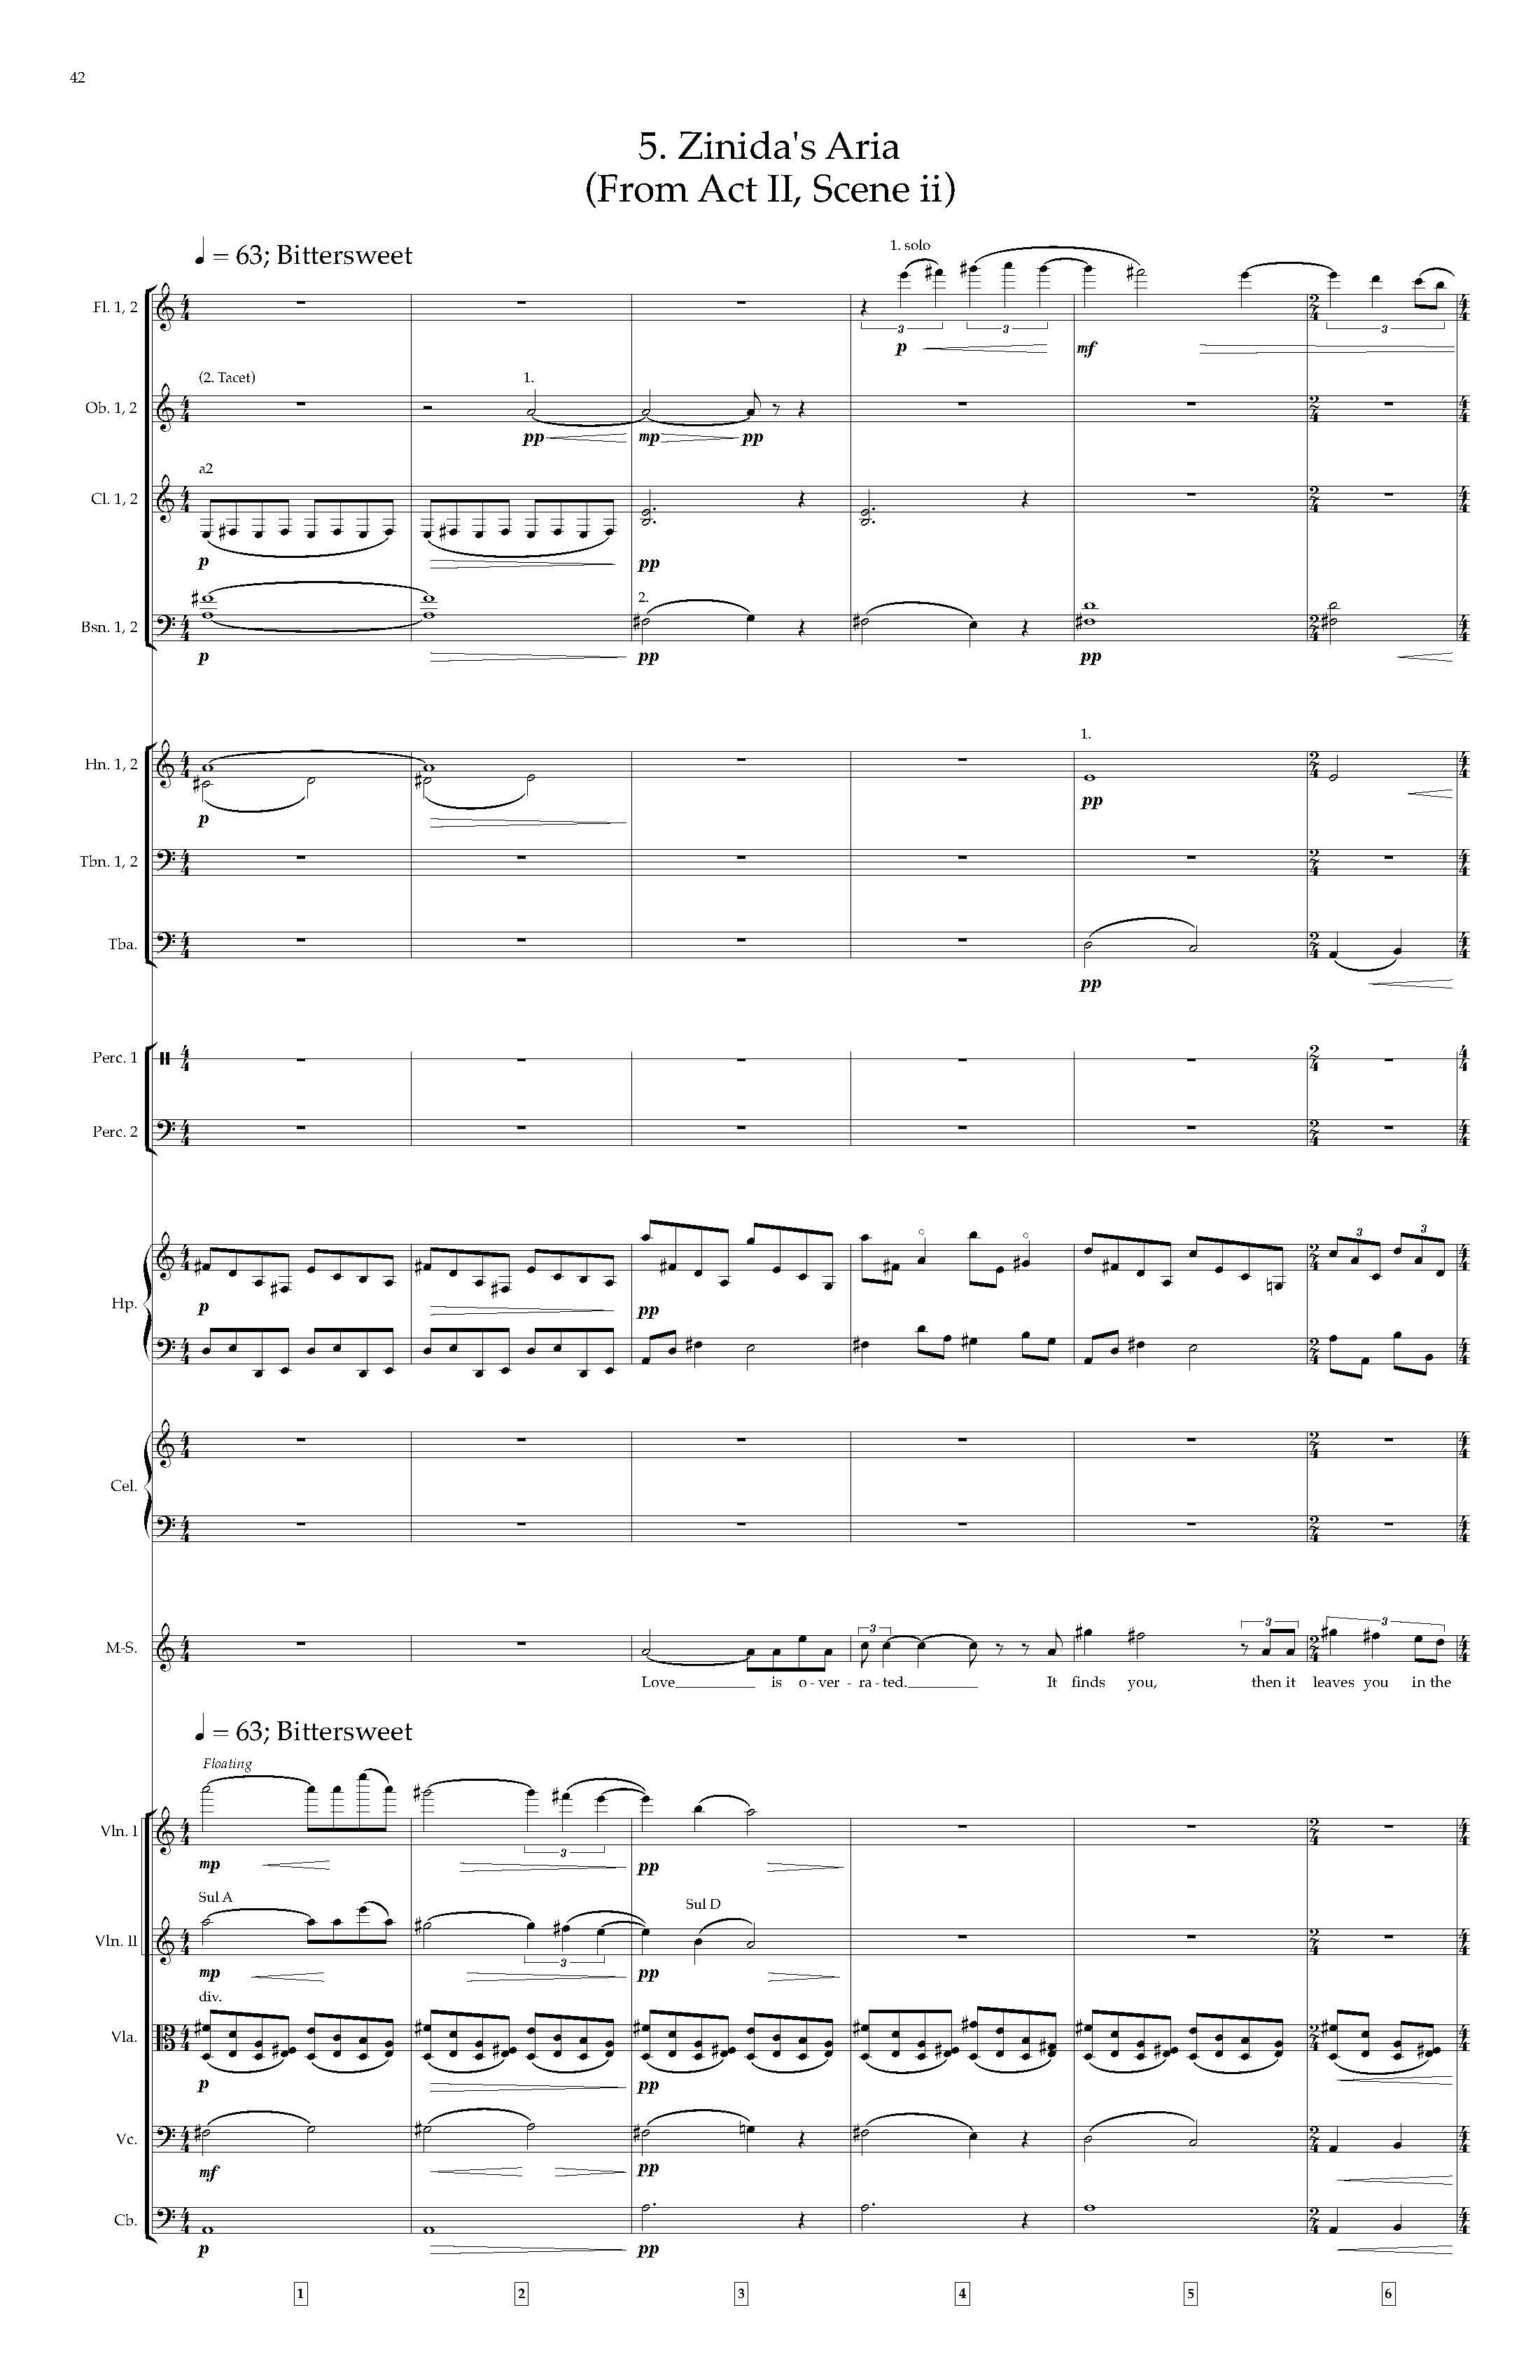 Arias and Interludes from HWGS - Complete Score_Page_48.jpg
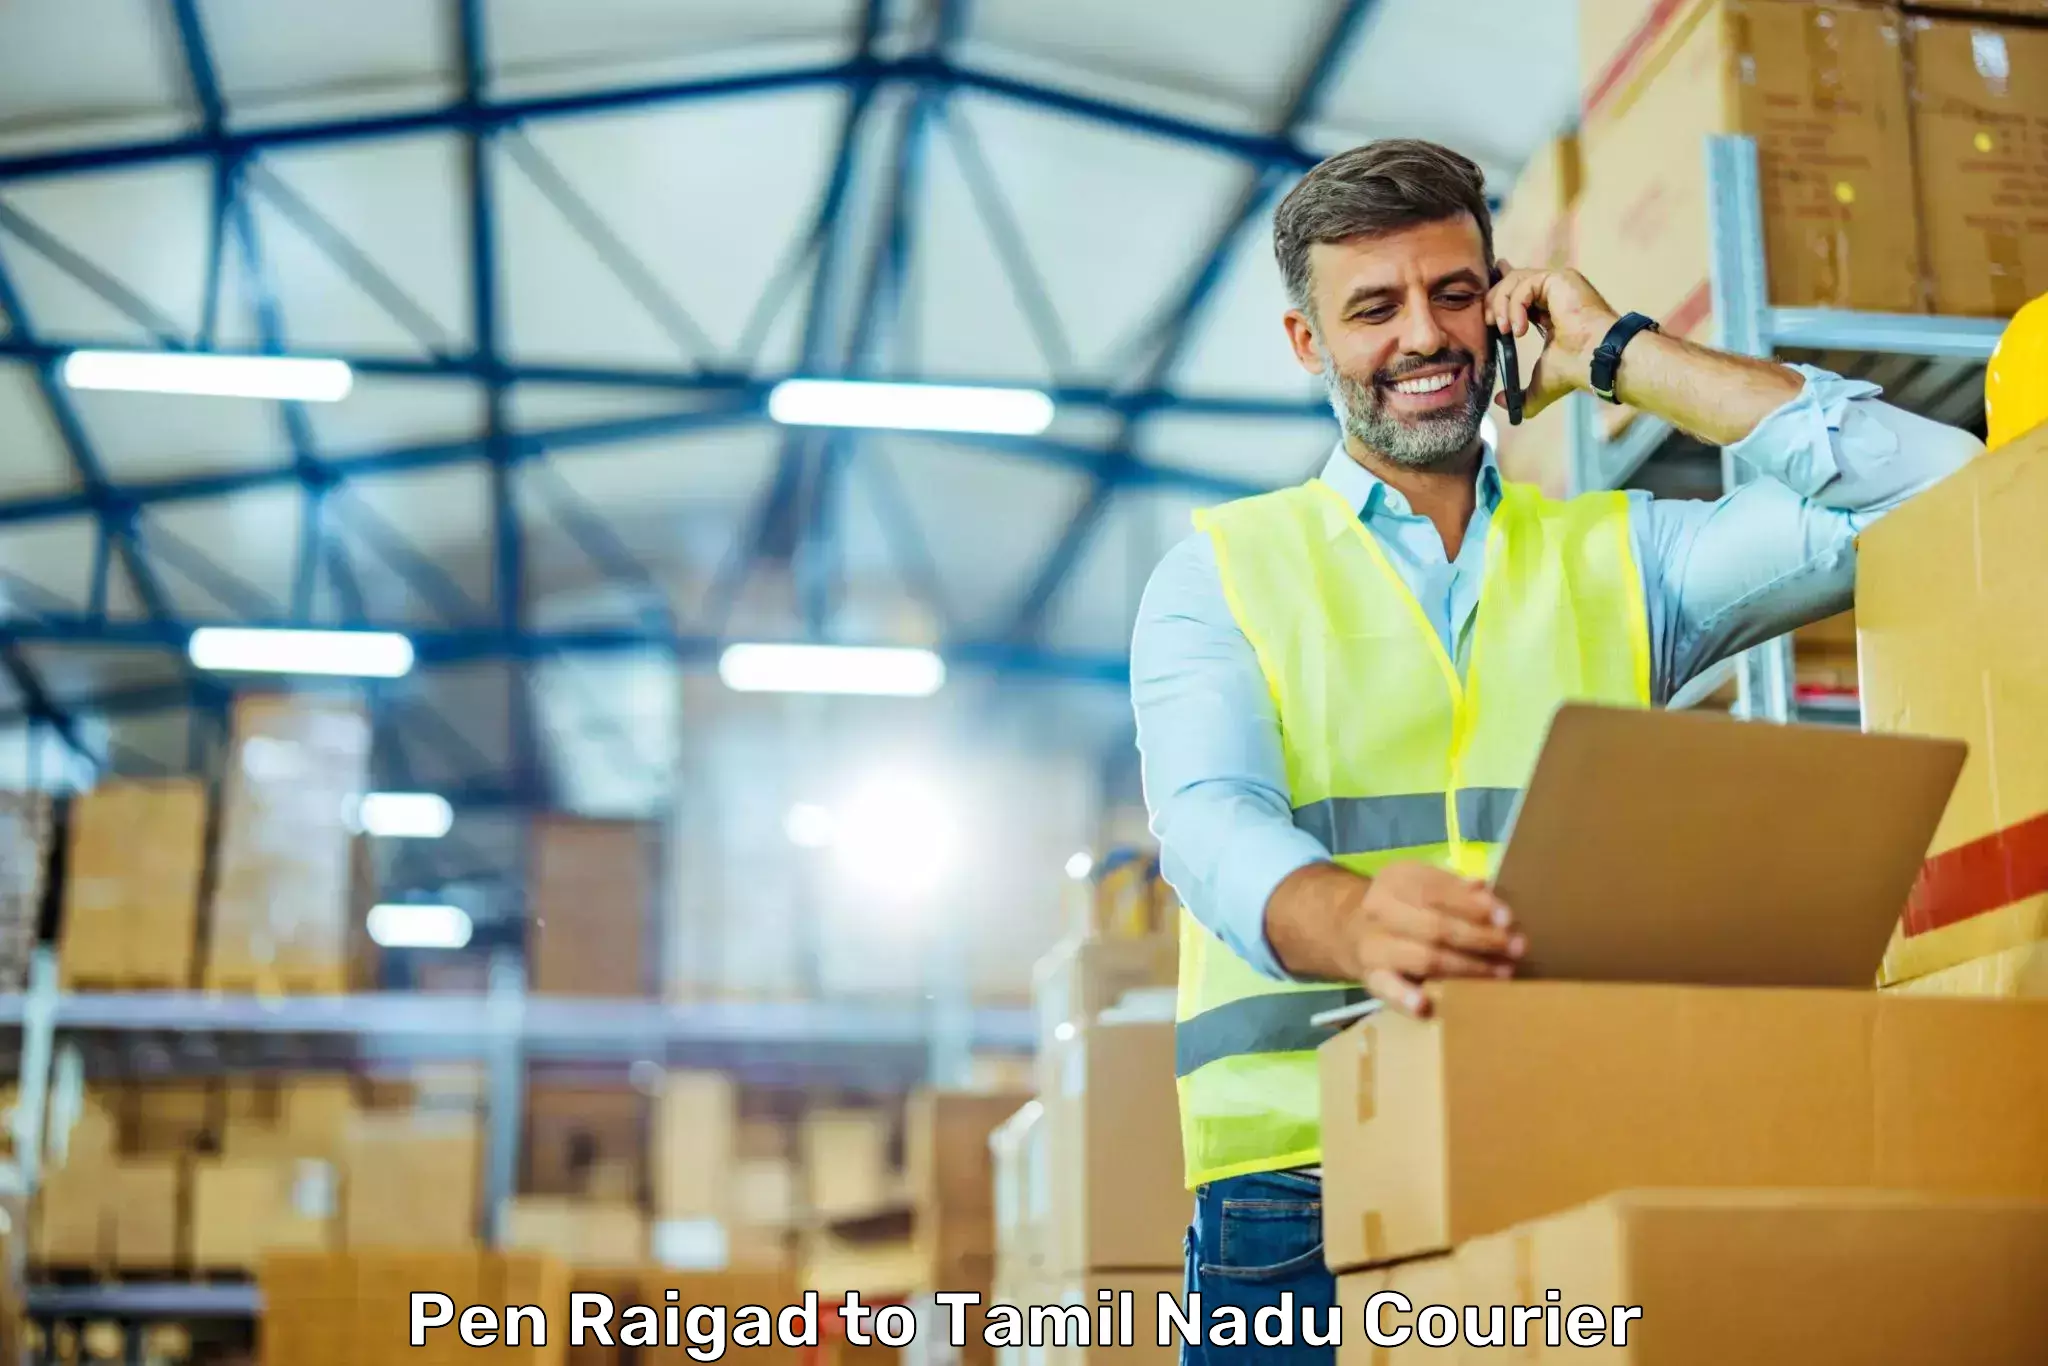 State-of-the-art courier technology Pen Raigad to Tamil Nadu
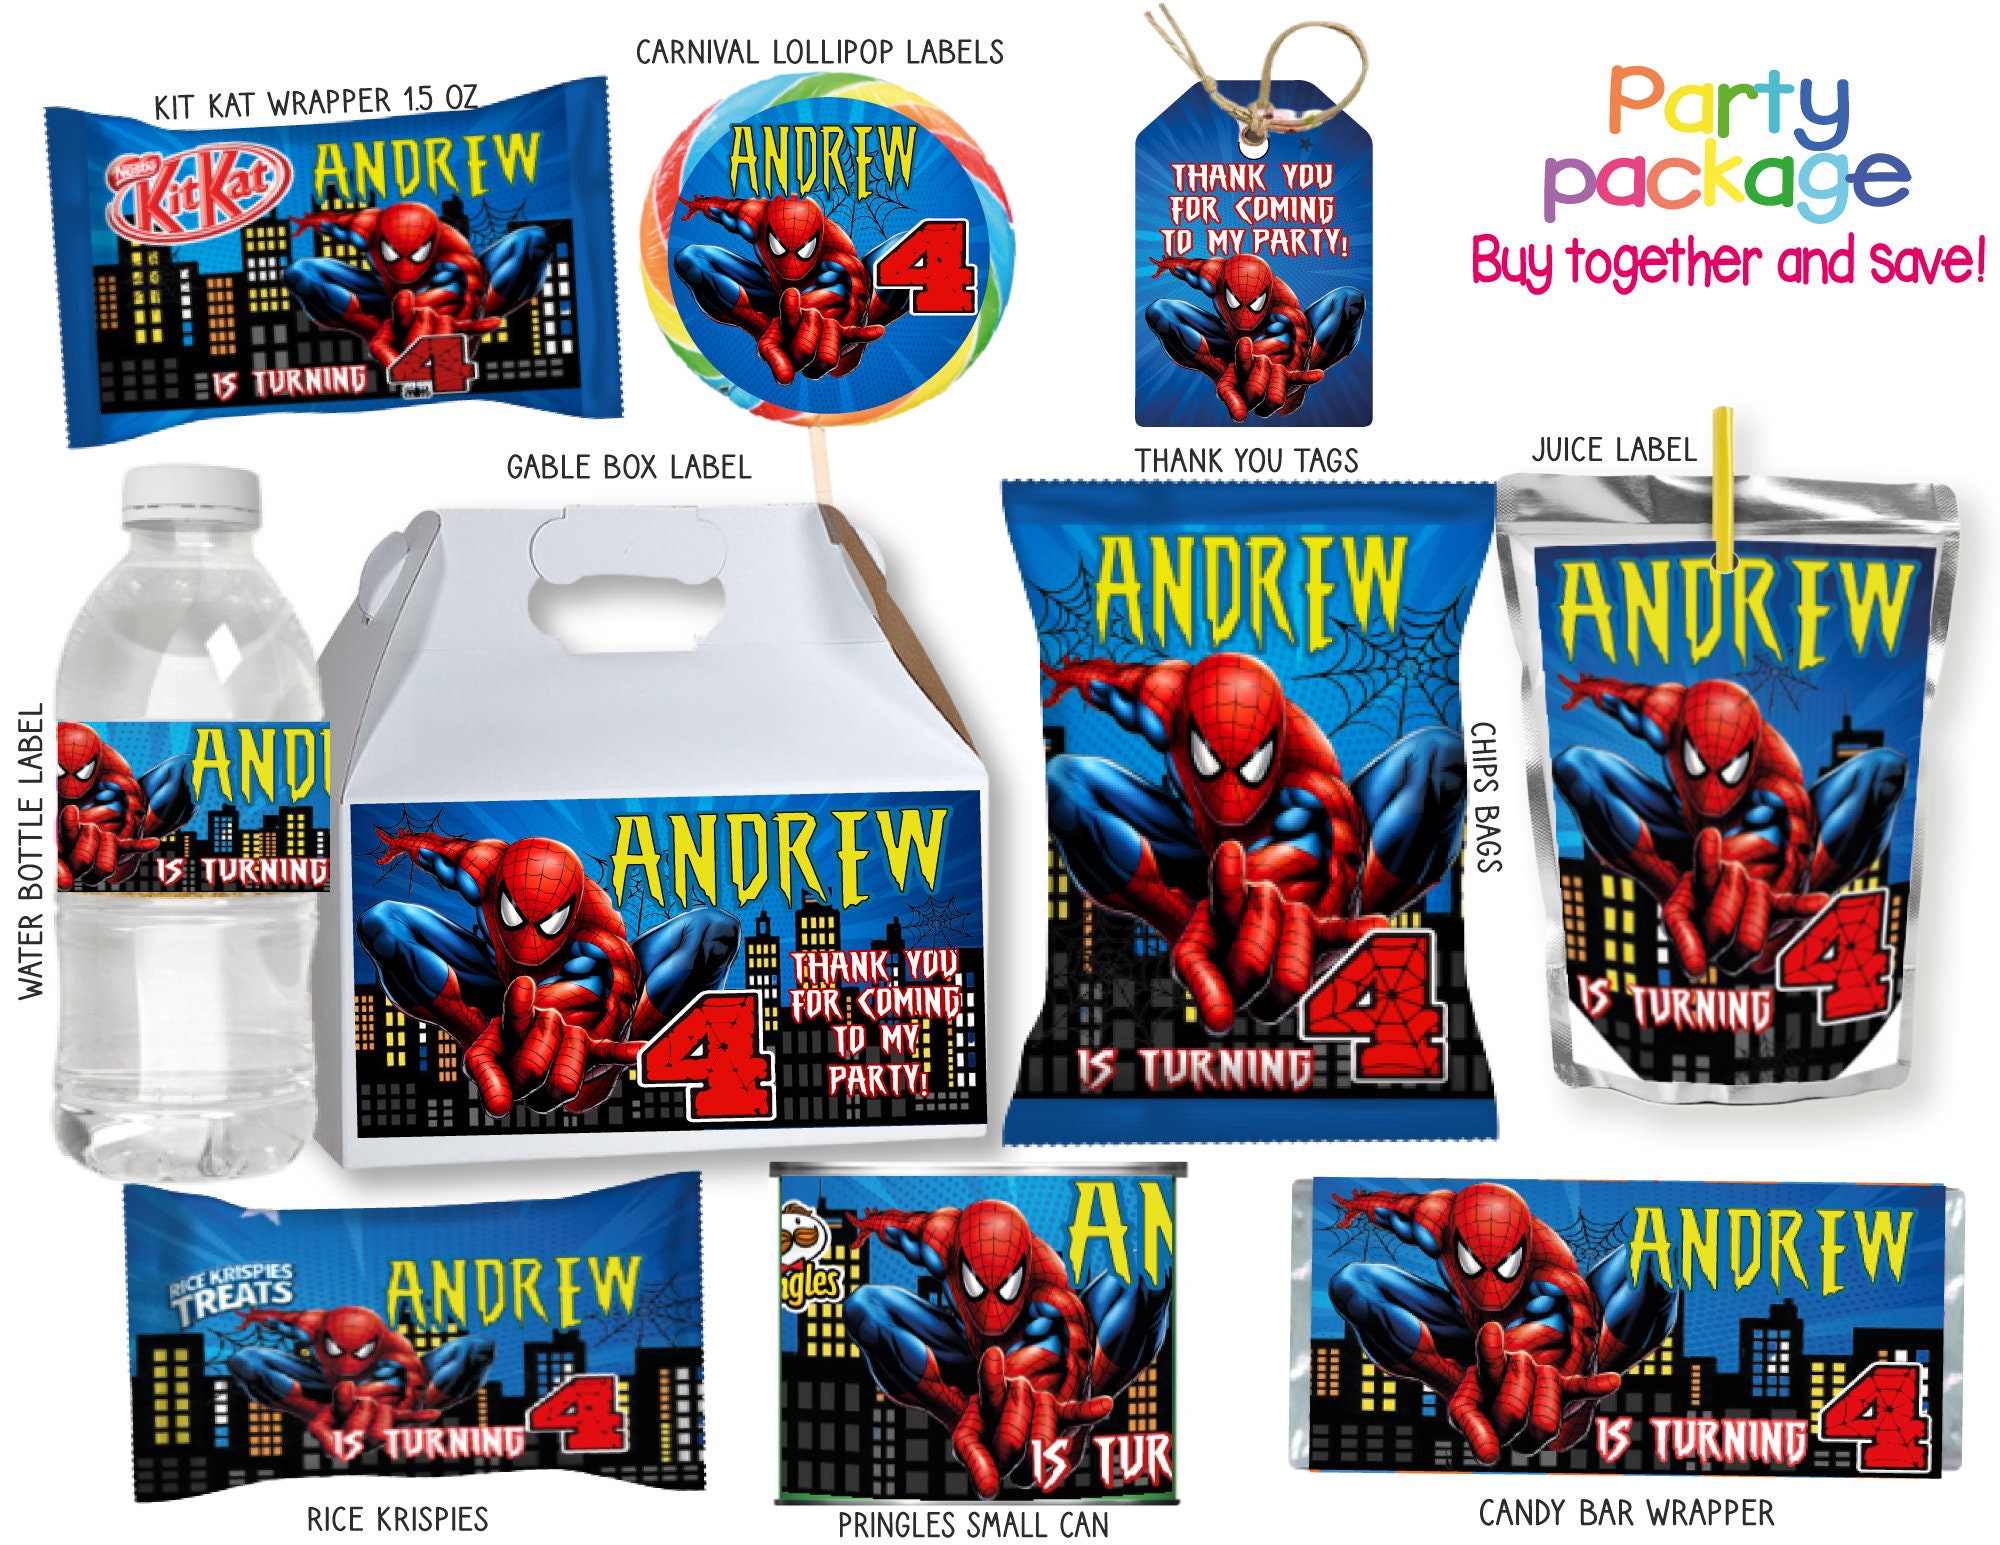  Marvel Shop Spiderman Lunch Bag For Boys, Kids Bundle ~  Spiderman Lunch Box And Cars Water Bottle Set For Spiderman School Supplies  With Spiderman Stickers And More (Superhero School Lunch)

########

EXERCISE DETAILS
Exactly as they appear above, print all the lines, but not the pictures.

RESPONSE
 Arias and Interludes from HWGS - Complete Score_Page_48.jpg
 State-of-the-art courier technology Pen Raigad to Tamil Nadu
  Marvel Shop Spiderman Lunch Bag For Boys, Kids Bundle ~  Spiderman Lunch Box And Cars Water Bottle Set For Spiderman School Supplies  With Spiderman Stickers And More (Superhero School Lunch)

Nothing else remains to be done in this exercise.